If an entry holds a picture, leave the picture out and copy the rest exactly.

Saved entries
──────────
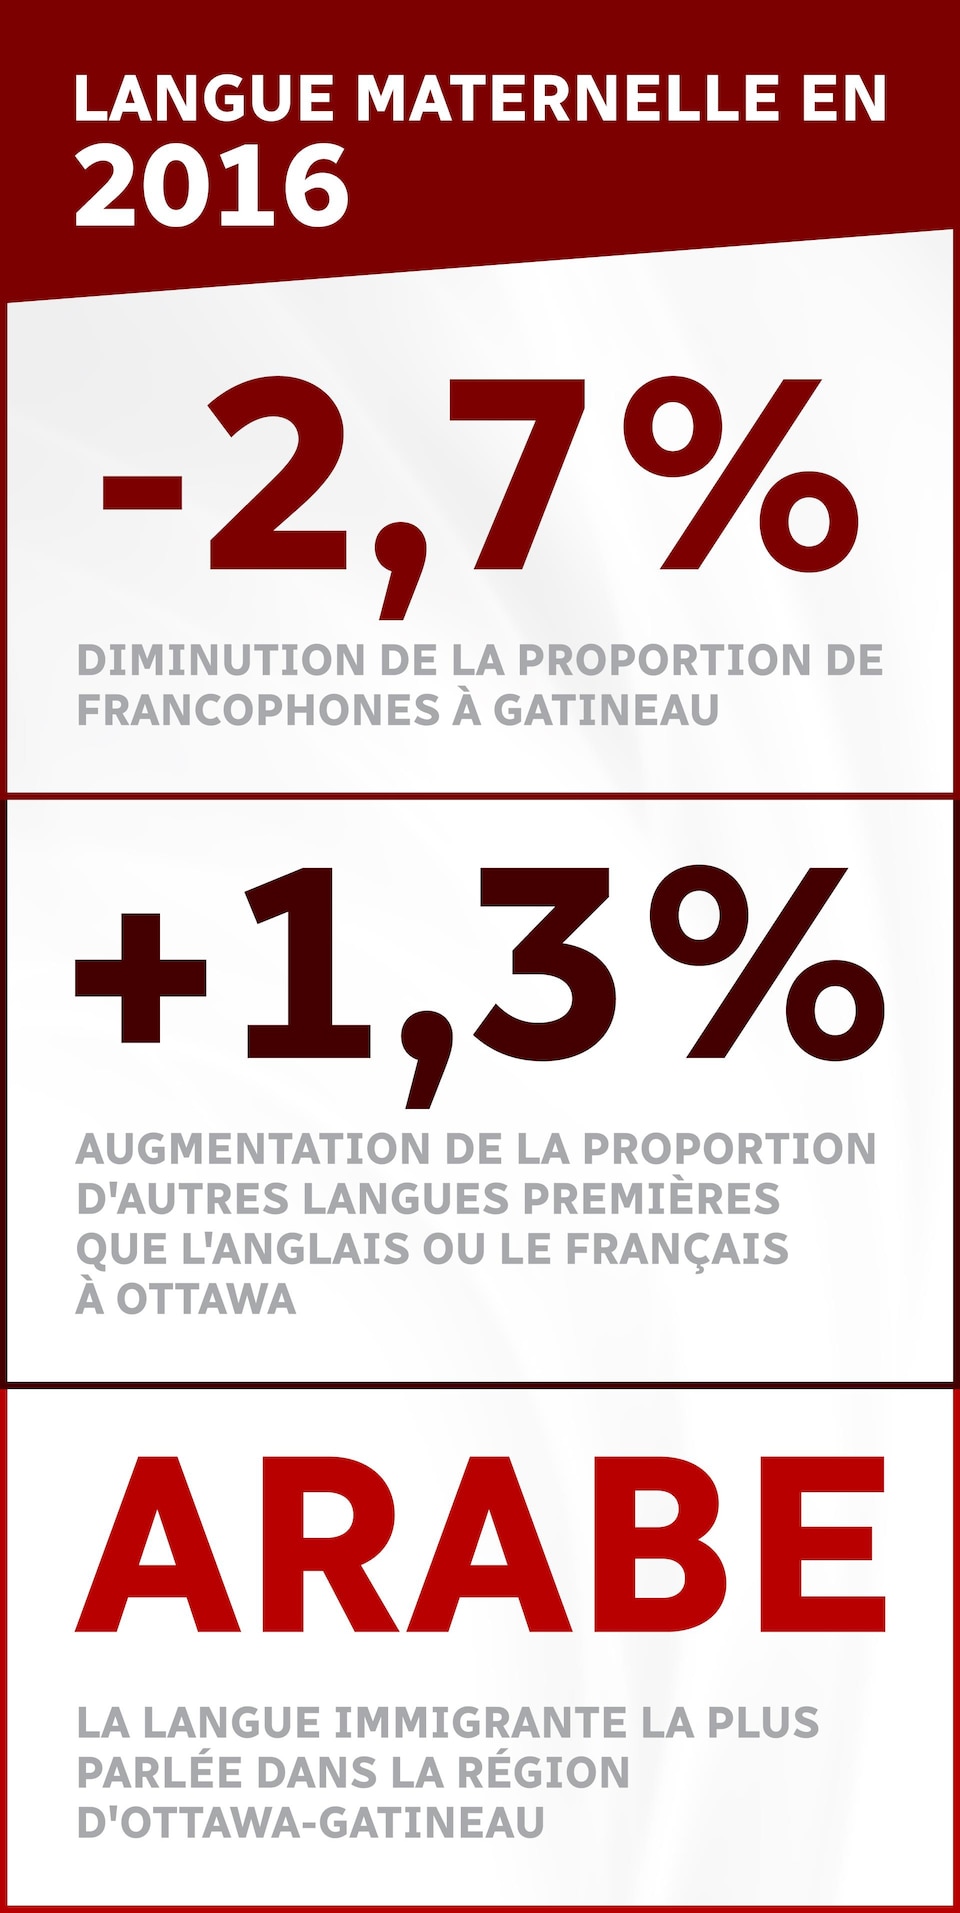 Statistiques sur la langue maternelle en 2016 à Ottawa et Gatineau.

 - 2, 7 %

Diminution de la proportion de francophones à Gatineau


+ 1,3 % 
Augmentation de la proportion d'autres langues premières que l'anglais ou le français à Ottawa

Arabe 
La langue immigrante la plus parlée dans la région d'Ottawa-Gatineau
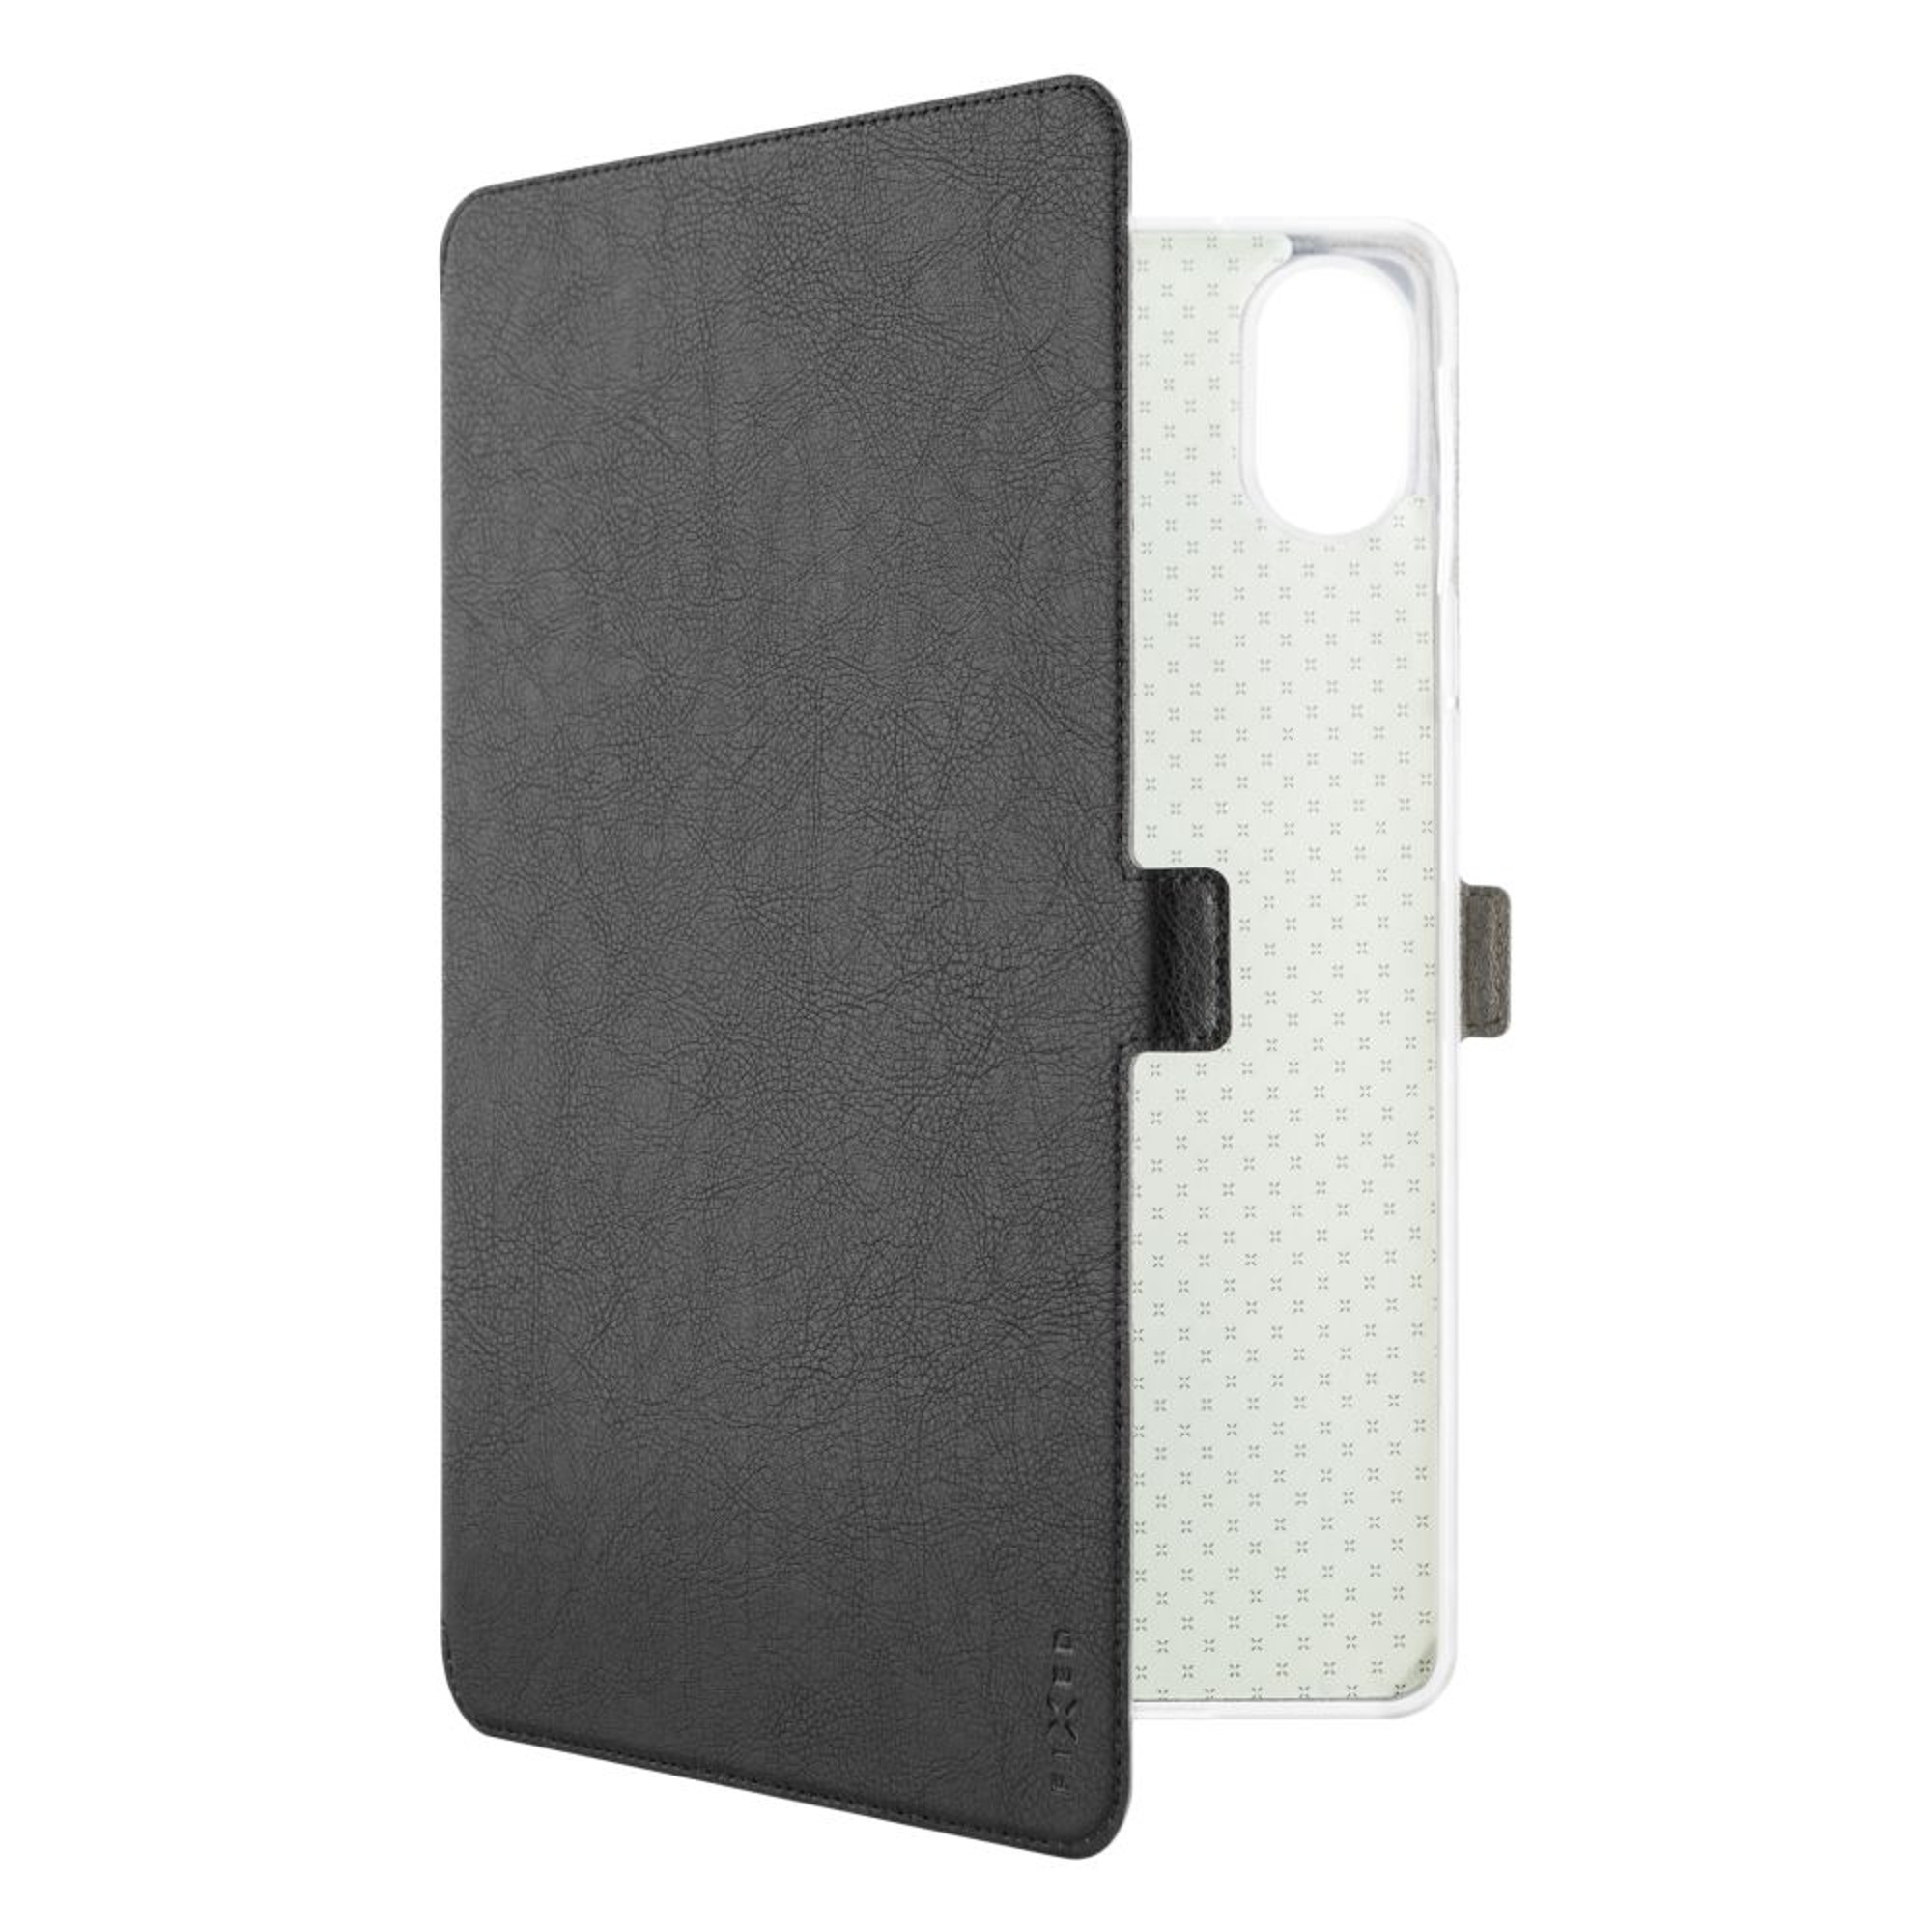 Xiaomi, SE, Redmi FIXED Pad Bookcover, Schwarz FIXTOT-1231,
──────────
__Written answer__
 Statistiques sur la langue maternelle en 2016 à Ottawa et Gatineau.

 - 2, 7 %

Diminution de la proportion de francophones à Gatineau


+ 1,3 % 
Augmentation de la proportion d'autres langues premières que l'anglais ou le français à Ottawa

Arabe 
La langue immigrante la plus parlée dans la région d'Ottawa-Gatineau
 Xiaomi, SE, Redmi FIXED Pad Bookcover, Schwarz FIXTOT-1231,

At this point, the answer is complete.